● **What you have to do**: Select the lines below containing the word "White".
Top of Input records
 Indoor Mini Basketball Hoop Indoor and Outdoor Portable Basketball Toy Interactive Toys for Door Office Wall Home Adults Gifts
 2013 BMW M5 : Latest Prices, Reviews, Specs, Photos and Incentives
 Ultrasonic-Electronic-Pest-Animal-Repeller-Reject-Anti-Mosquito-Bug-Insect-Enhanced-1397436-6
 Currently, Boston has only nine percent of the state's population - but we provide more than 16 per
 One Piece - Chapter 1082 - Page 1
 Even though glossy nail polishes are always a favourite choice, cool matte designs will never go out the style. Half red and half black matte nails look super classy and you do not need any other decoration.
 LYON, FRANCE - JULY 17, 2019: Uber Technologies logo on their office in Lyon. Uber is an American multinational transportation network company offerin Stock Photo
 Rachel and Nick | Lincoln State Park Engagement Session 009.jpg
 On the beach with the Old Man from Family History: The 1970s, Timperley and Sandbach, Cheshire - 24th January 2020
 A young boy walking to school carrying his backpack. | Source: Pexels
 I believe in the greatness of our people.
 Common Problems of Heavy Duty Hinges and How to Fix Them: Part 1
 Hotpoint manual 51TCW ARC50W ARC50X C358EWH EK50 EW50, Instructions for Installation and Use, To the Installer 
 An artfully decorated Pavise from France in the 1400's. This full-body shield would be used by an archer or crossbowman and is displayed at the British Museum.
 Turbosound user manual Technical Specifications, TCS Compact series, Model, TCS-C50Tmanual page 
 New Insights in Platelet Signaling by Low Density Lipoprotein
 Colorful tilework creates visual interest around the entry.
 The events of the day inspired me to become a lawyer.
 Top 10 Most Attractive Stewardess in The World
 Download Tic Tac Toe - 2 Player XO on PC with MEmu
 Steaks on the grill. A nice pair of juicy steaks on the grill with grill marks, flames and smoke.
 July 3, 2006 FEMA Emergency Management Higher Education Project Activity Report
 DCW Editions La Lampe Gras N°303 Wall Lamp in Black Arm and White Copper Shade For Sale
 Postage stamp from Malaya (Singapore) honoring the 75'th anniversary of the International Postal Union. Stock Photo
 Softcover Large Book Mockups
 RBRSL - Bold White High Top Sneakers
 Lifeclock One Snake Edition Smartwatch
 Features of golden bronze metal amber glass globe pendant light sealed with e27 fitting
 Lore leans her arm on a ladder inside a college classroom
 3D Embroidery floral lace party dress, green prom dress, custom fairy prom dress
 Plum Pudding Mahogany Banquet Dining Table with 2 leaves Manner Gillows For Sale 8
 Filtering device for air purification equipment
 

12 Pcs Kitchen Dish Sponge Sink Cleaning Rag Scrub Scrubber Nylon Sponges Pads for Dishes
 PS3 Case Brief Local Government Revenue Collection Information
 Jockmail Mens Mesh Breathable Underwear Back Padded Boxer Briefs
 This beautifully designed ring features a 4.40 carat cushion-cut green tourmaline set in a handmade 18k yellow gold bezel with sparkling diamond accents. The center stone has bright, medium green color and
Bottom of Input records
● **Response to the exercise**:
 DCW Editions La Lampe Gras N°303 Wall Lamp in Black Arm and White Copper Shade For Sale
 RBRSL - Bold White High Top Sneakers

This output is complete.